O Perverso Narcisista quer te devorar; não a Esfinge. Por Flávio Carvalho.

Imagem: mohamed_hassan

Por Flávio Carvalho, para Desacato.info.

Mirem-se no exemplo daquelas Mulheres de Atenas. Sofrem por seus maridos, orgulho e glória de Atenas” (Chico Buarque).

Era um momento de guerra (do Peloponeso).

Naquele tempo, no Templo de Delfos, o grego Pausanias atribuiu a Sócrates o aforismo mais importante da filosofia ocidental: Conhece-te a ti mesmo.

Durante séculos este aforismo foi considerado – principalmente pela instituição mais triunfante da história da humanidade (o catolicismo) – como o mais subversivo, mais revolucionário e, portanto, mais perigoso modo de pensar.

Não podemos esquecer que houve uma época que o conhecimento não poderia vir de dentro, era algo somente oferecido “pelo divino”.

Entretanto, a busca interior (curiosamente a origem da palavra Religare, de onde nasceu a palavra Religião, que antes tinha a ver com reconectar-se com a sua própria divindade; a que todos trazemos em si) sobreviveu àquela repressão. Persiste, vigente, ao longo do tempo, essa incessante busca.

Quem o teme? A quem interessa, hoje, a variante do Conhece-te a ti mesmo? A quem mais deveria interessar a sua mítica versão, Decifra-me ou te devoro?

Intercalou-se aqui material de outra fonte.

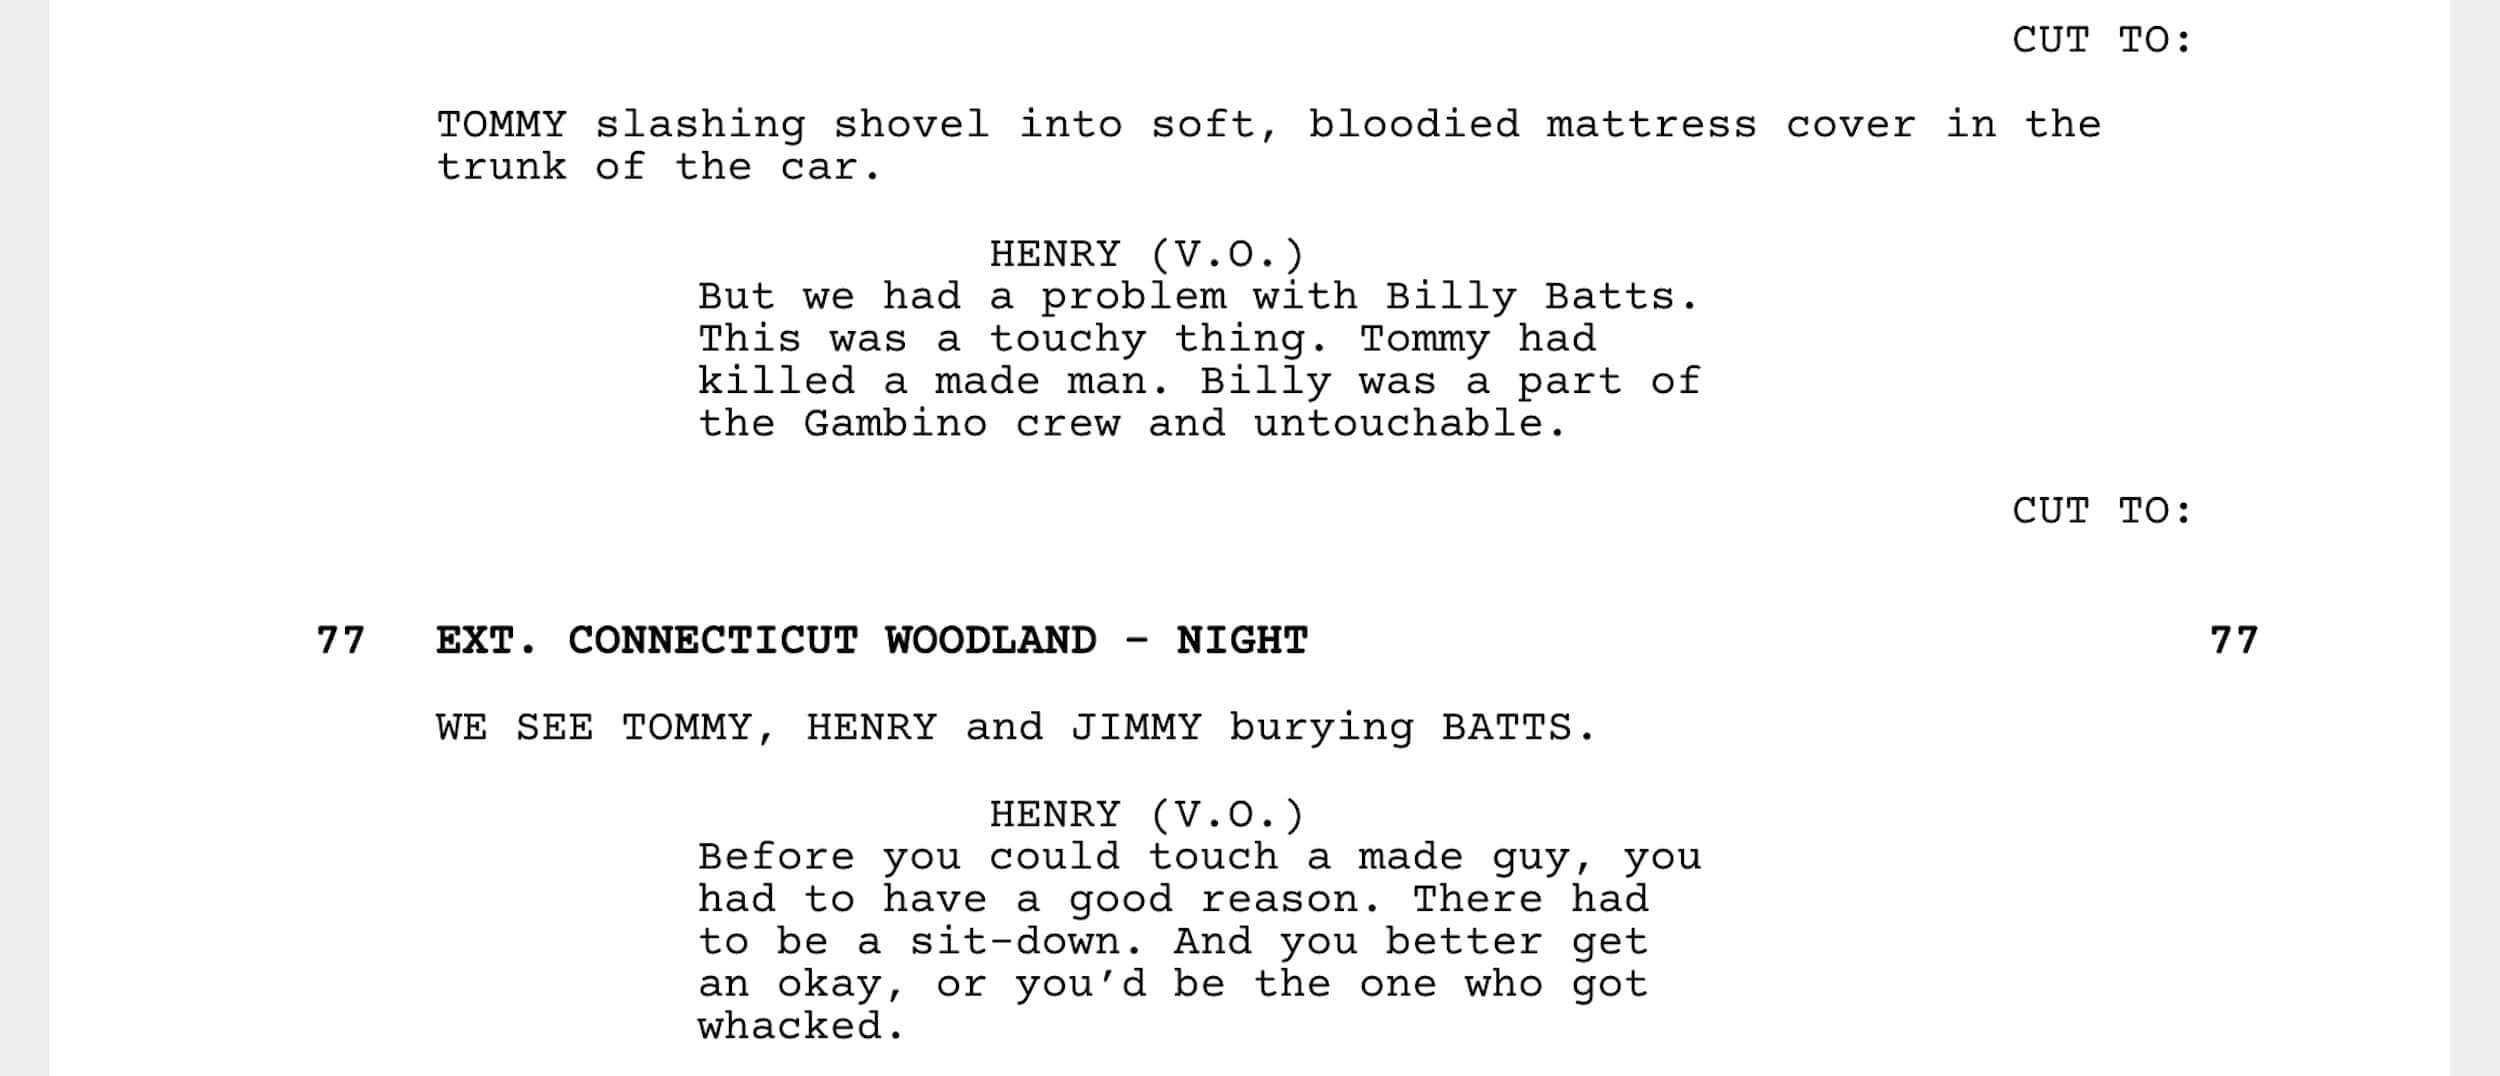 Goodfellas Script Teardown - Goodfellas Made Man - StudioBinder - Screenwriting

Decifra-me ou te devoro é o também mítico (clássico!) Enigma da Esfinge. Um dos pilares da filosofia moderna.

Deveria interessar ao Homem (à humanidade). Digamos melhor, hoje em dia: à Mulher!

Jean-Charles Bouchoux, psiquiatra francês, vendeu mais de trezentos mil exemplares do seu livro mais famoso (Os Perversos Narcisistas), com base naquela mesma afirmação: a primeira coisa a fazer é observar-se e, contra os Perversos Narcisistas, tomar consciência.

Não hesita, Bouchoux, em afirmar que não inventou moda: está na base de Todas as filosofias orientais, não somente as ocidentais. Universal, portanto.

Mas, porque uma pessoa vítima da Síndrome da Mulher Maltratada deveria olhar-se pra dentro e não centrar-se na emblemática figura do maltratador? Como fazer isso, “pre-ocupar-se” mais com si mesma, sem aliviar o peso de quem deveria ser “tratado”, o maltratador? É o que tenta responder Bouchoux.

A última coisa que um maltratador espera de uma mulher maltratada é que ela se reconecte com si mesma. E fará de tudo para impedir que isso aconteça.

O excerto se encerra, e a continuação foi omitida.